JOB-SPECIFIC SUPPORT FILES
    Starting at step 3 of the preceding execution breakdown, seram creates
    in a private working directory (usually $FERRETBANK/Jobs) four files
    that are a snapshot of the state of the current processing. These files
    can be used if the script is killed and the user wants to restart
    the processing. The "seram.restart.*" file contains the command(s)
    necessary to restart everything.
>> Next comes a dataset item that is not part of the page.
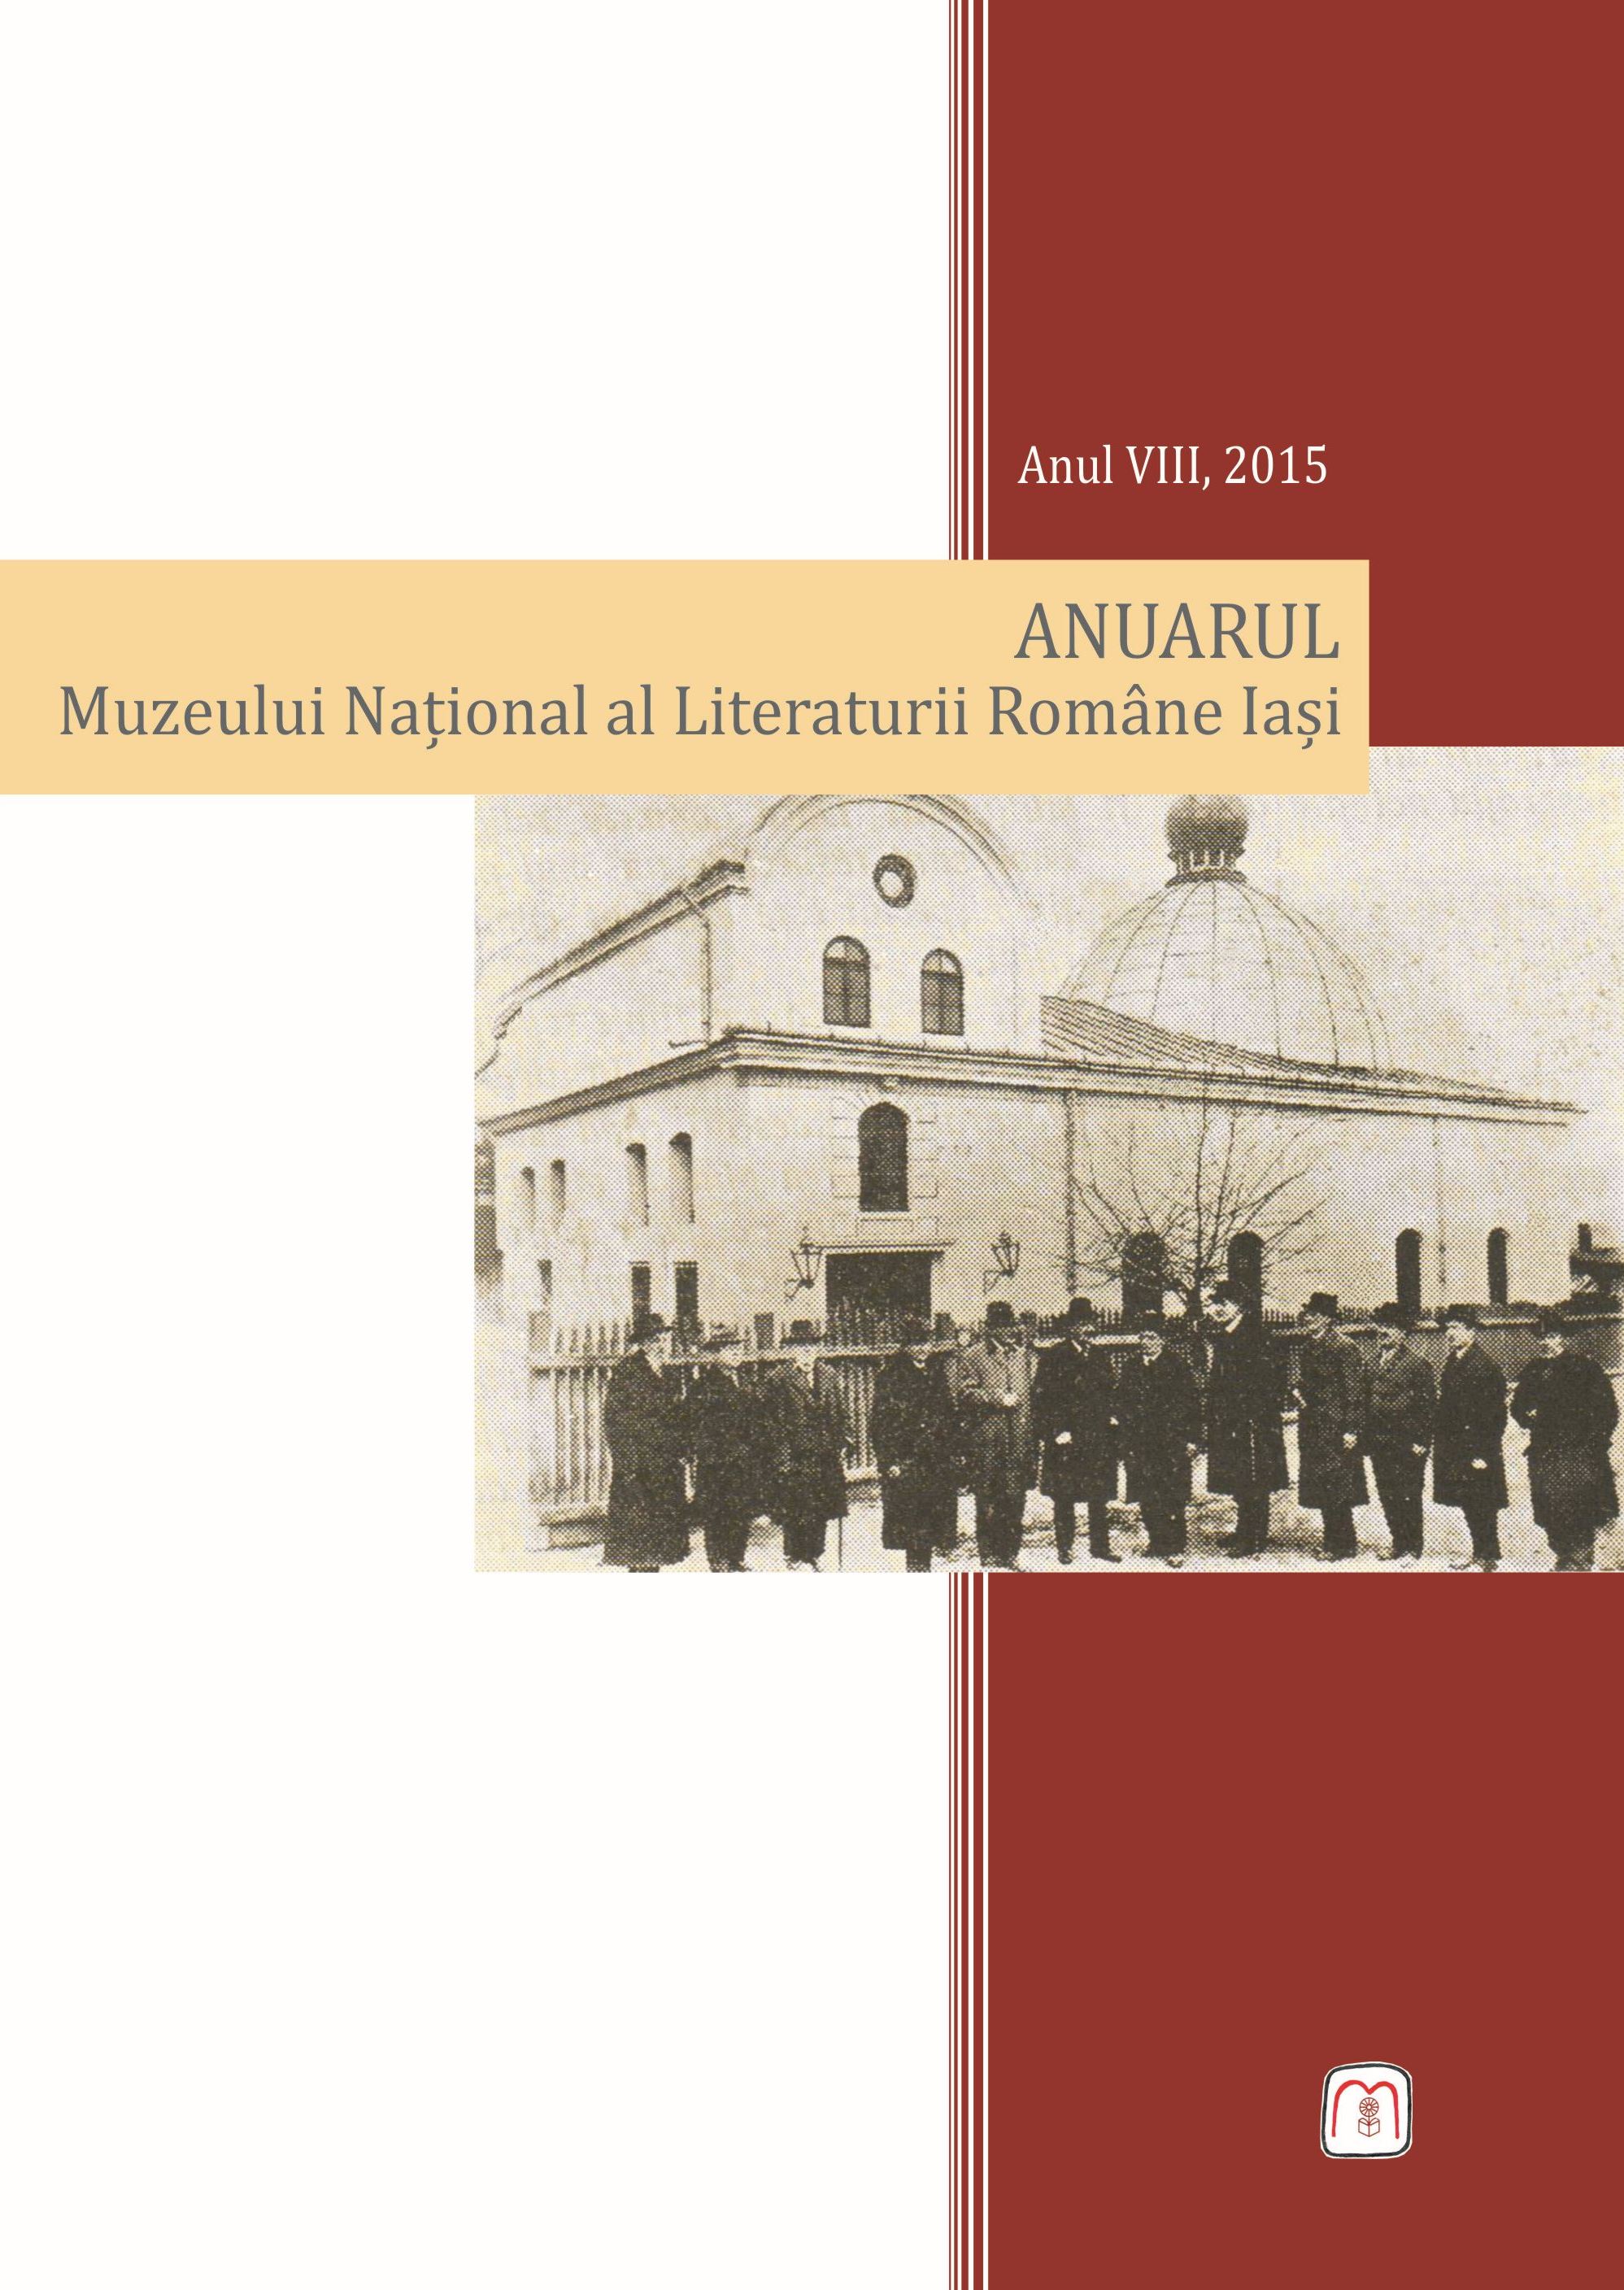 Corespondenţă inedită şi cărţi cu dedicații 
ale lui N. Iorga în colecţiile Bibliotecii Centrale Universitare  „Mihai Eminescu” din Iaşi
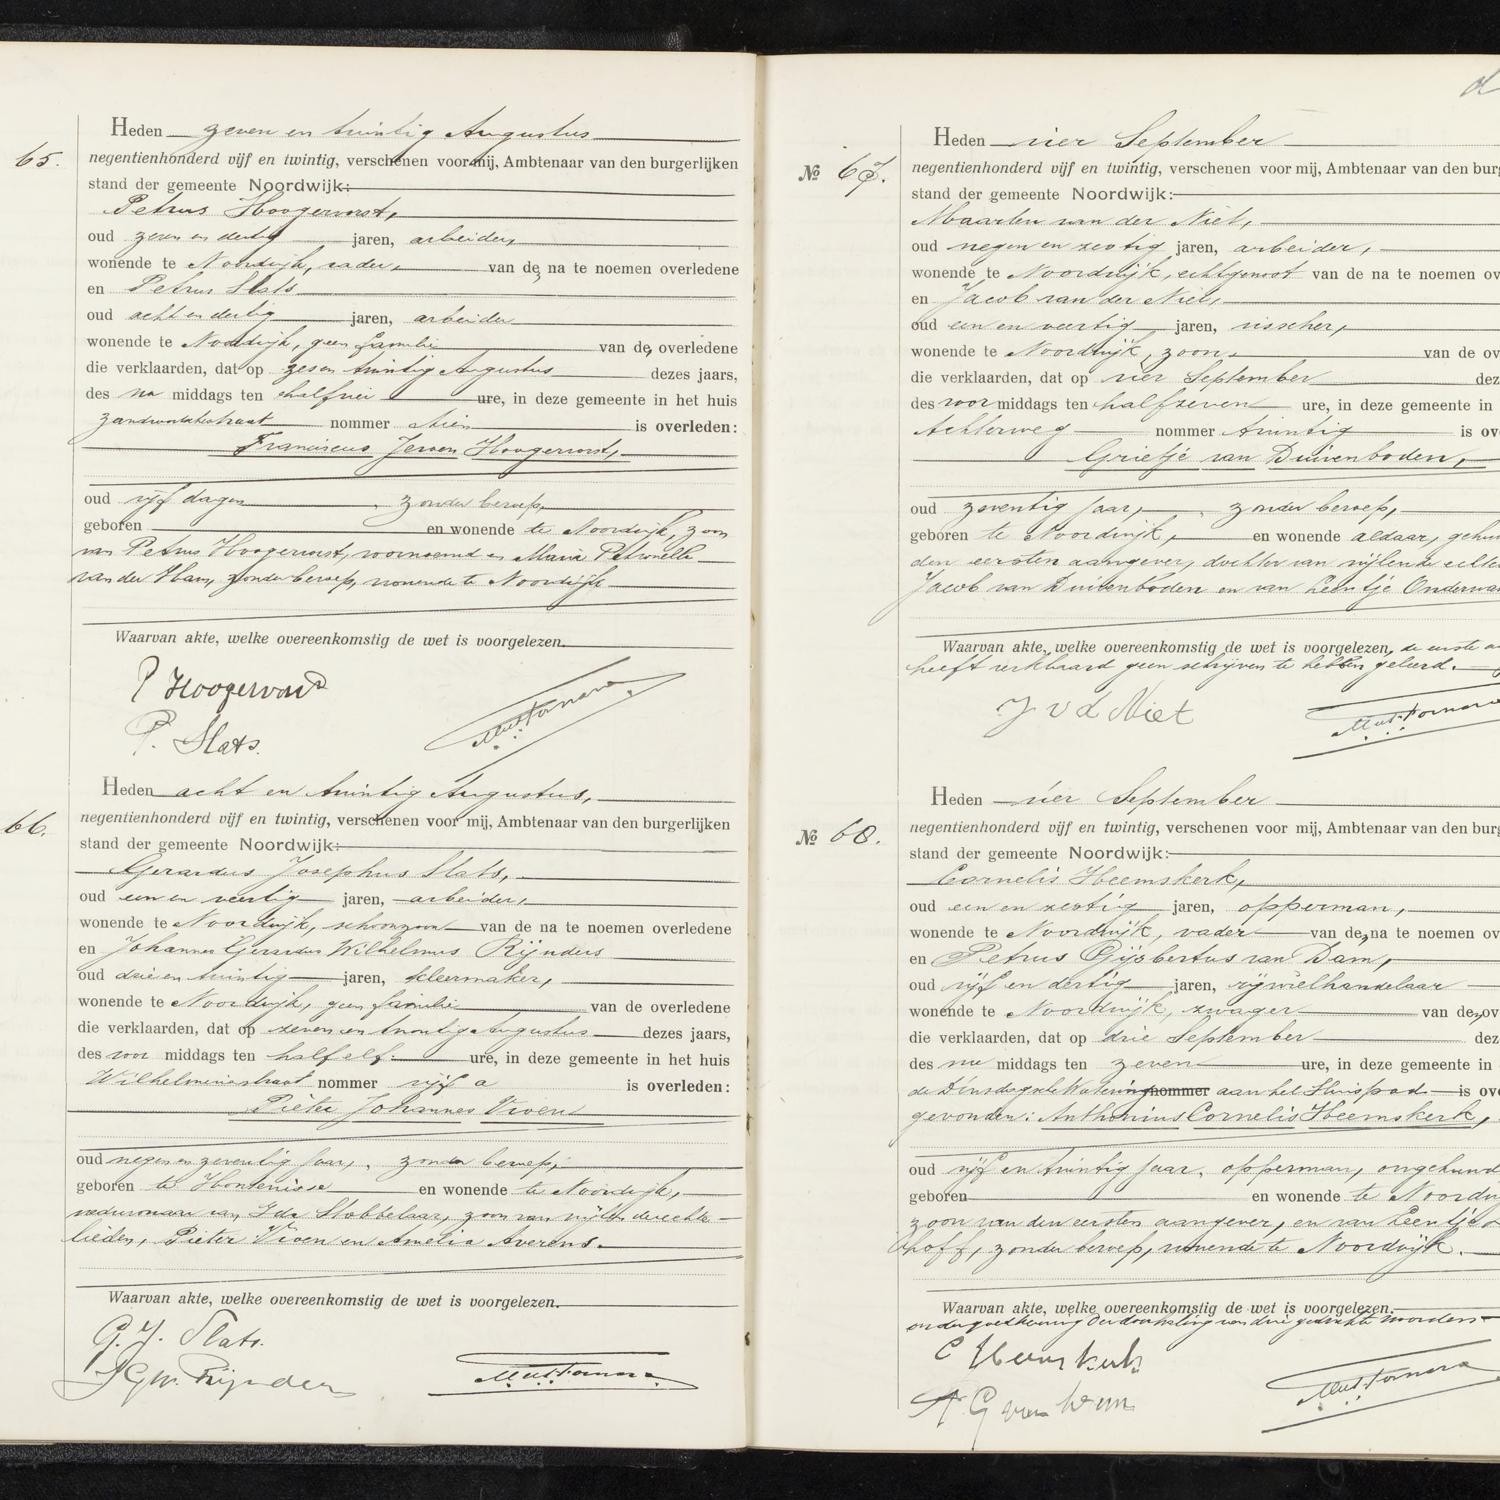 Civil registry of deaths, Noordwijk, 1925, records 65-68

The "seram.script.*" file contains
    a copy of the script template exactly as supplied by the -f
    command line argument, the "seram.data.*" file contains
    to-be-processed sequence specifications (which may not be
    exactly like the sequences_file originally supplied in argument
    since some sequences may have been processed already) and the
    "seram.info.*" file contain relevant textual information about the
    job (this file is mostly used by badger(1)).

KILLING SERAM
    A seram job can be cleanly killed by removing the "seram.info.*" file
    related to that job.

REPORTING
    If sequences are still expected after 24 hours, seram will report
    that to the user by sending her/him an e-mail message. Also, any
    sequence specification which resulted in an error will be reported
    the same way. When the job completes, a final report with information
    regarding all correctly and incorrectly processed specification will be
    sent. If an serious error occurs, then a FATAL error message will be
    sent to both the user who submitted the job and to the OPERATOR,
    as defined by the ferret(1) configuration file.

EXAMPLE
    Here is an example of a working seram invocation. Let scriptfile
    be this:

        ---- Begin scriptfile ----
        #!/bin/sh
        # This is a bourne shell script which send a sequence to a user.
        if [ "{}" = \{\} ] ; then
            cat | mail -s ScriptOutput username      # Seq via stdin
        else
            cat "{}" | mail -s ScriptOutput username # Seq file replaces {}
        fi
        ---- End scriptfile ----

    and sequences_file contains this:

        ---- Begin sequences_file ----
        # A seqspec file
        F-/usr/local/ferretbank/human-complete-genome
        F-human-mitochondrial-genome
        S-emb|X54252|MTCE C. elegans complete mitochondrial genome
        ---- End sequences_file ----

    When seram is invoked as "seram -f scriptfile -s sequences_file -r",
    the script will be run three times for the three sequences,
    with the possibility that seram will have to wait for the third sequence
    to be retrieved by ferret(1).

    When seram is invoked as "seram -f scriptfile -s sequences_file -R",
    the script will wait until the third sequence is received by
    ferret(1) and THEN run the script once with the three sequences
    files concatenated.

    Note that this script is made to work both with or without the
    -I option of seram; when run it will detect if the sequence is
    supplied via stdin or through a filename substituted in it's body.
    
FILES
    scriptfile                 Supplied as argument.
    sequences_file             Supplied as argument.
    $PERLLIB/ogmp/ferret.conf  A configuration file where many absolute
                               paths are defined. $PERLLIB is the standard
                               perl library path.
    $FERRETBANK/               The directory where ferret(1) stores sequences.
    $FERRETBANK/Reports        The directory where ferret(1) stores reports.
    $FERRETBANK/Support/INDEX  Index of sequences/reports.
    $FERRETBANK/Jobs/          A working directory where the seram.xxx.yyy.zz
                               files are created.
    seram.info.$USER.$PID      Main info related to job
    seram.data.$USER.$PID      List of sequences specifications
    seram.script.$USER.$PID    Script to be run for each/all sequences
    seram.restart.$USER.$PID   Small script used to restart this job.

BUGS
    seram is dependant on ferret(1); if ferret doesn't properly update the
    INDEX file, seram may wait for sequences indefinitely. The tool
    badger(1) can be used to monitor (and cancel) seram jobs that have
    been running for too long, or to restart killed seram jobs.

SEE ALSO
    ferret(1), badger(1)

AUTHORS
    Pierre Rioux,
    Tim Littlejohn (Project Management)
    Organelle Genome Megasequencing Program, March 1994, January 1995.